Task inputs:
>>

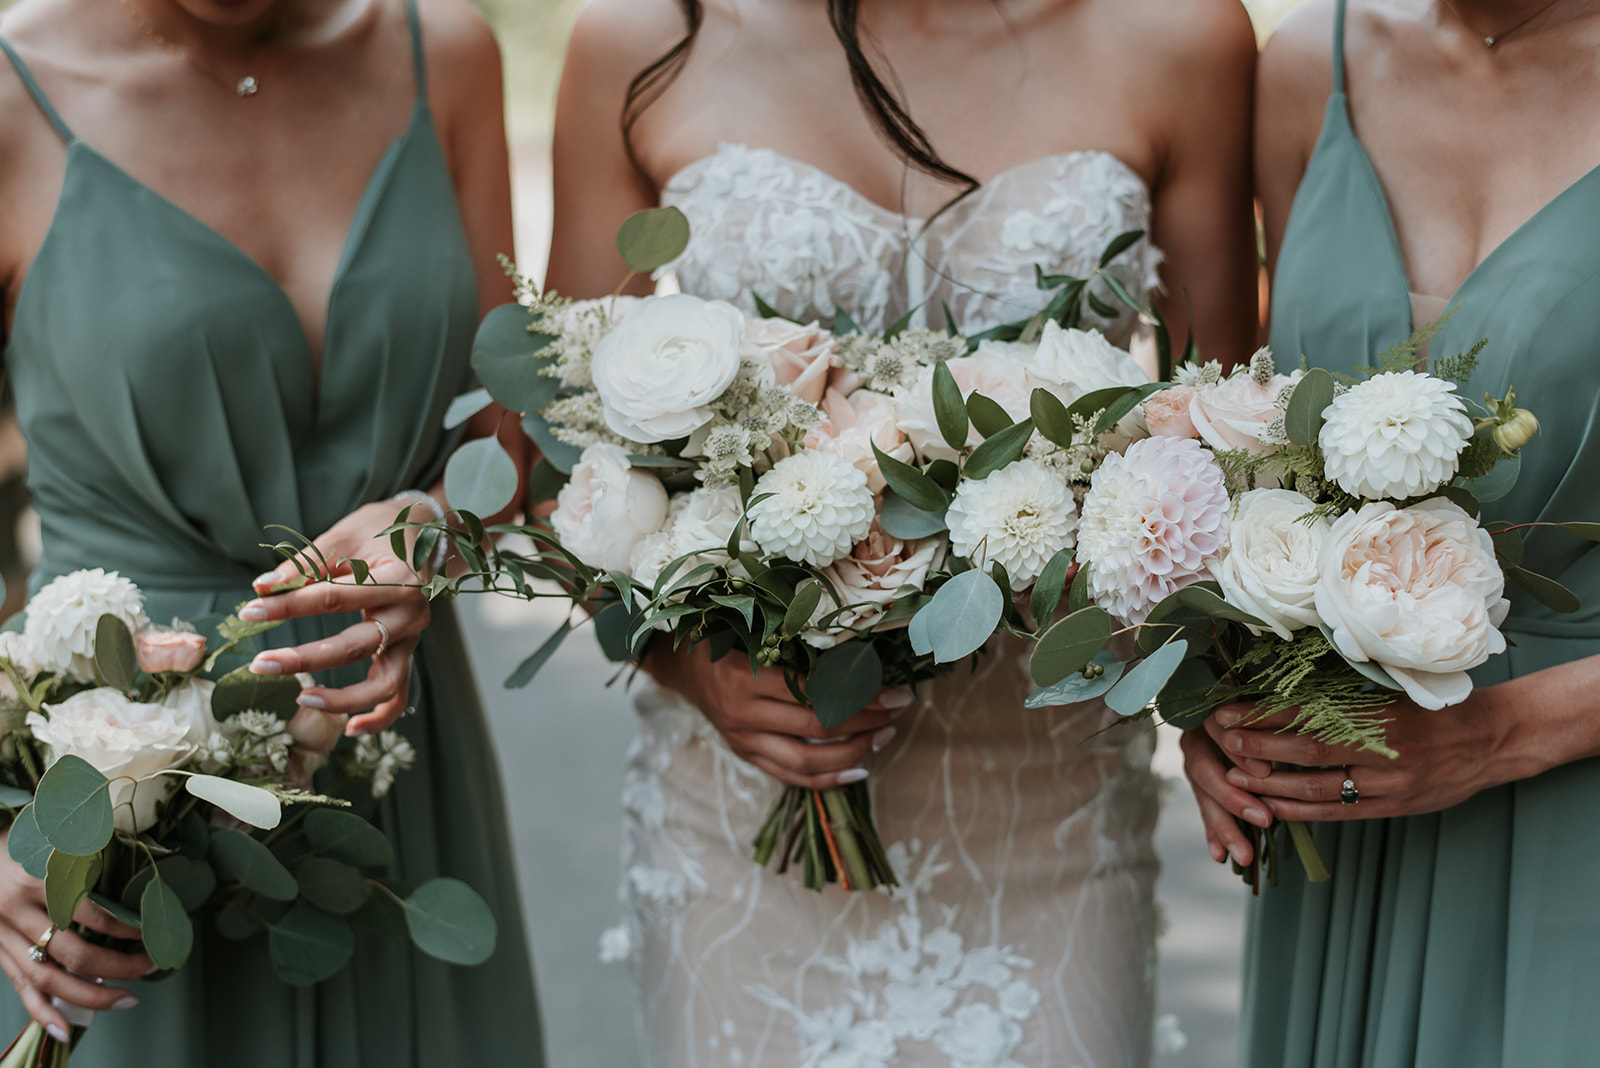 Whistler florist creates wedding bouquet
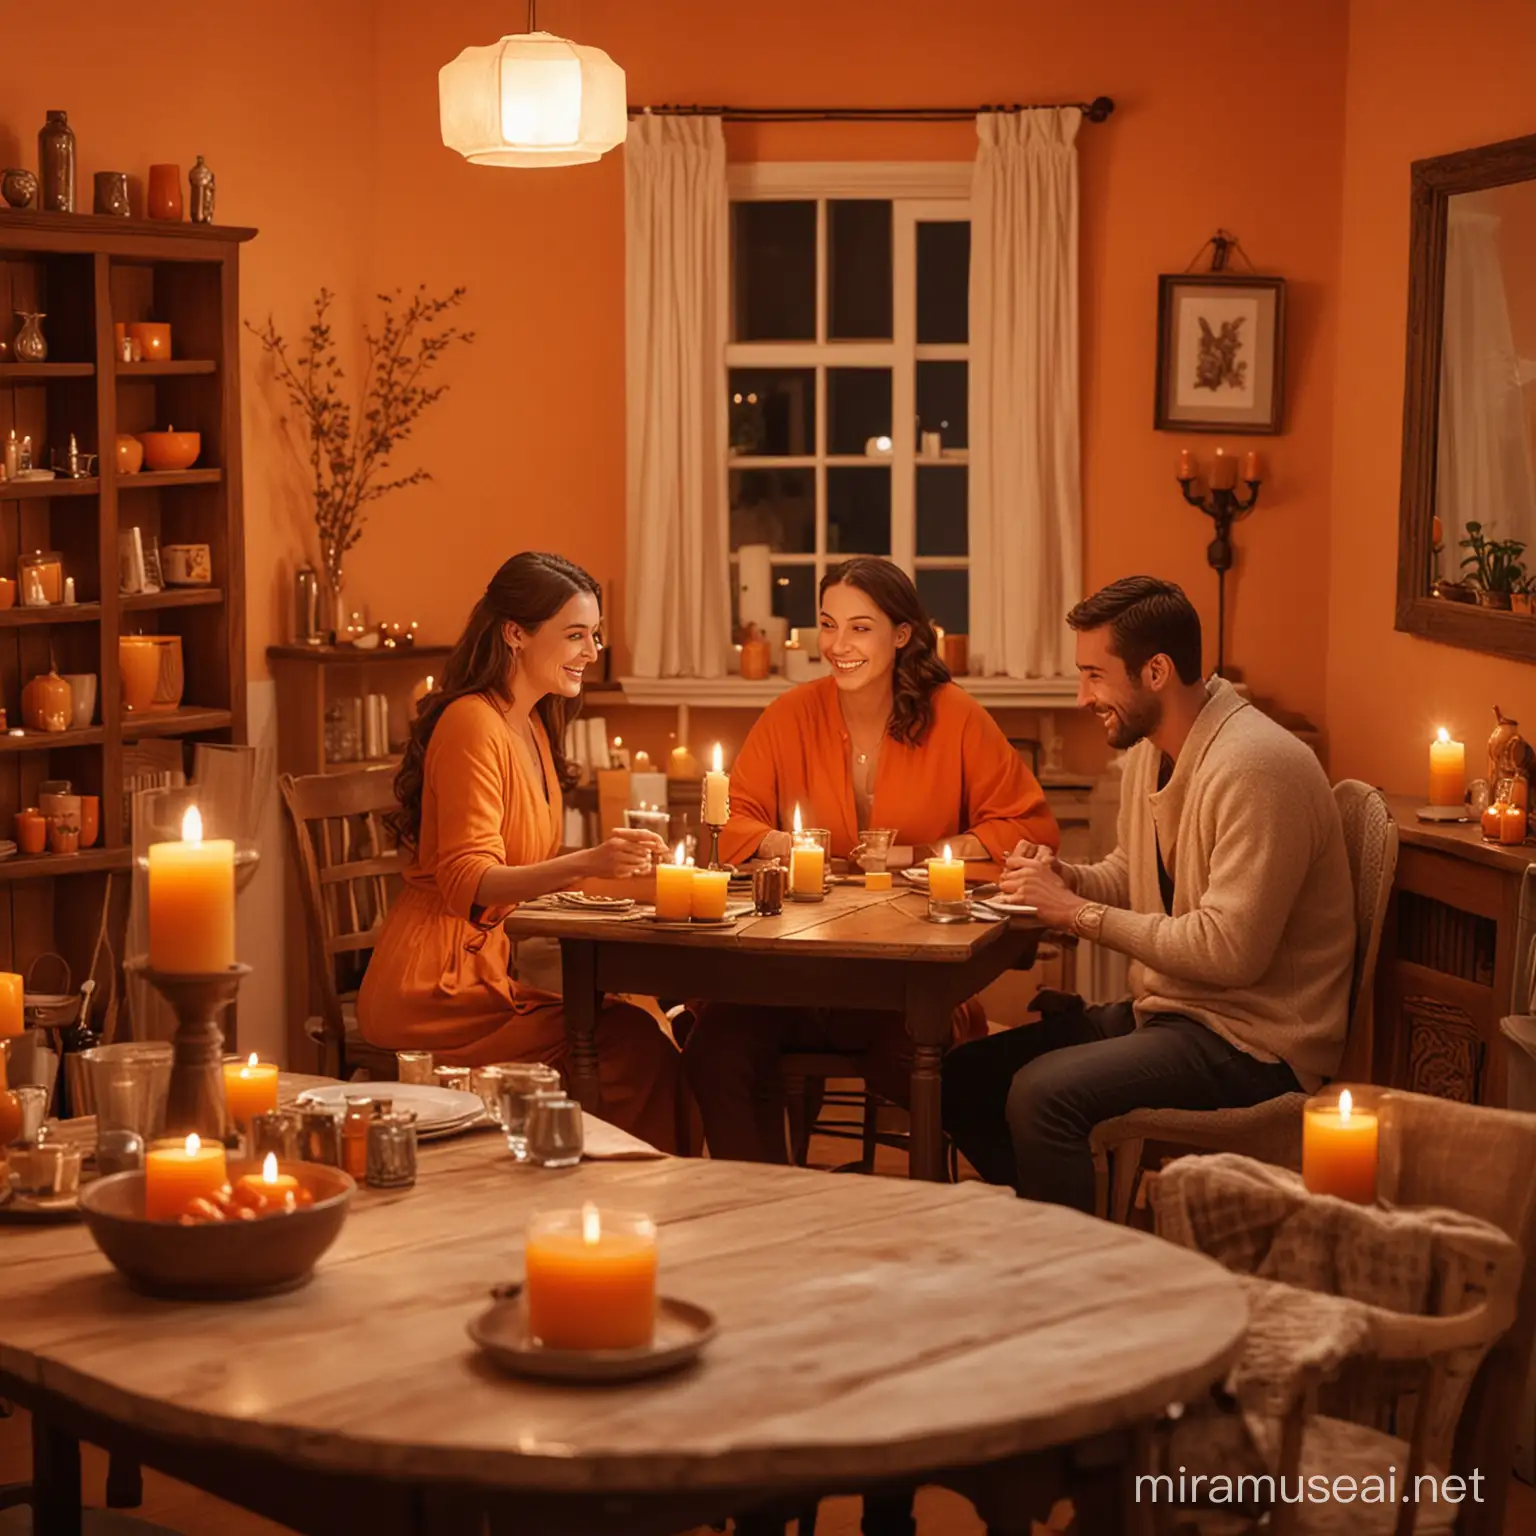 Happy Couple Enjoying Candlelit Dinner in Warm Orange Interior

<<
>>

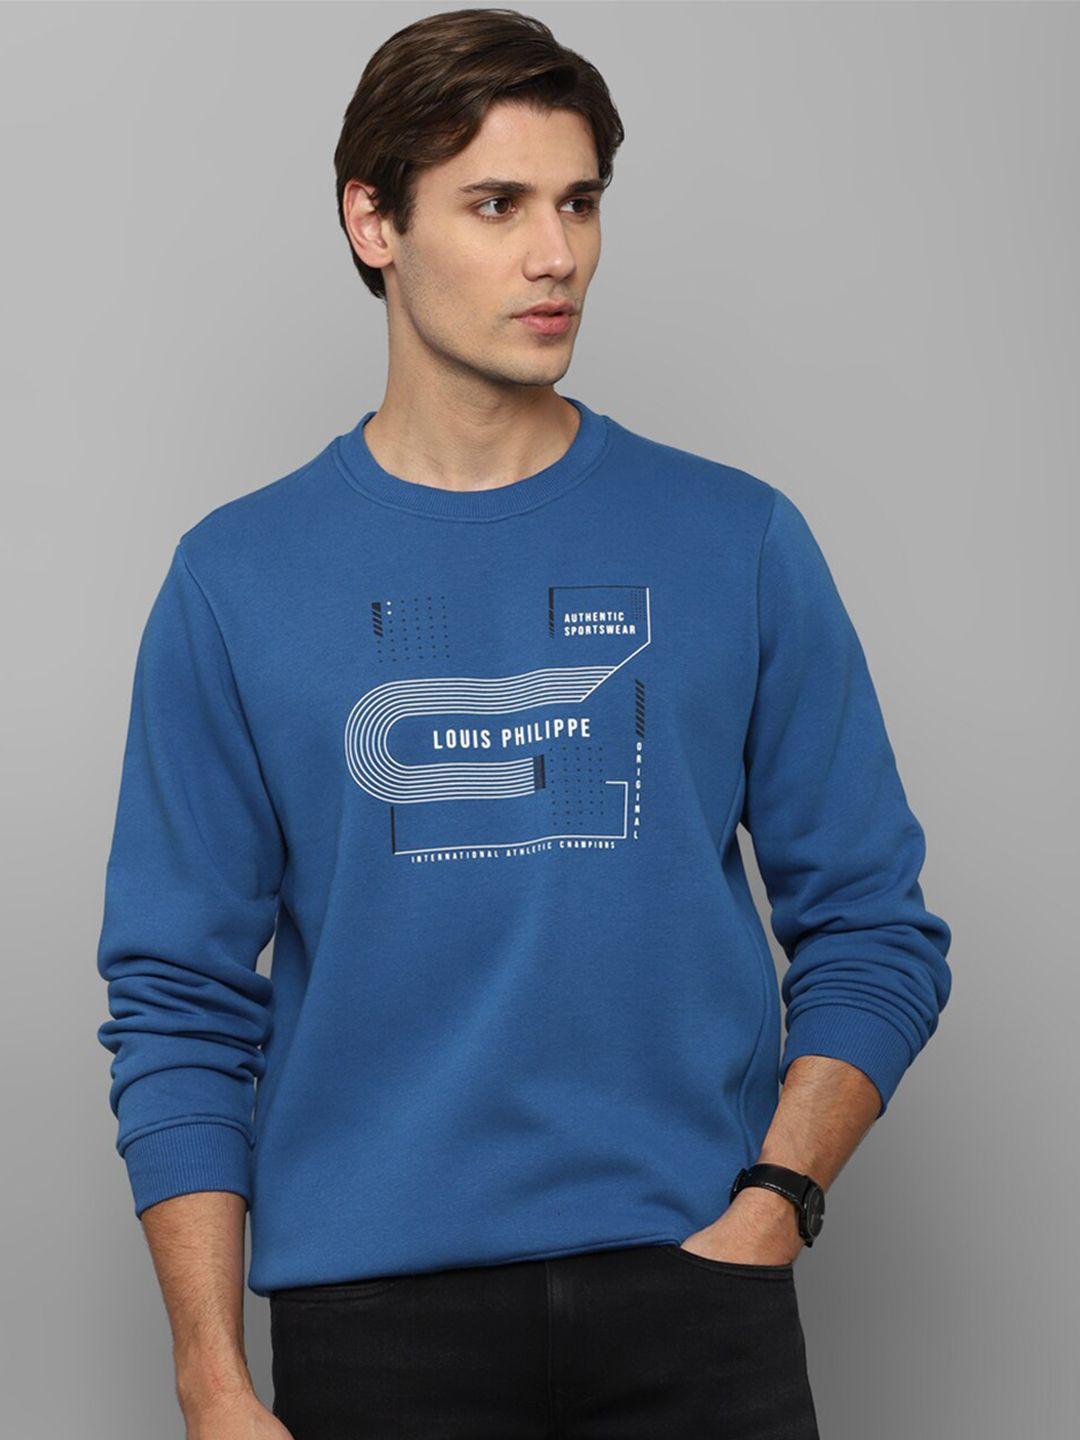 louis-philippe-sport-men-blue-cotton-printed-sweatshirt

<<

Description of the task:
Transcribe, word for word, the lines of the listing above from the one that contains "Whistler florist creates wedding bouquet" through the one that contains "Happy Couple Enjoying", keeping both ends and dropping the pictures.

Solved exercise:
 Whistler florist creates wedding bouquet
 Happy Couple Enjoying Candlelit Dinner in Warm Orange Interior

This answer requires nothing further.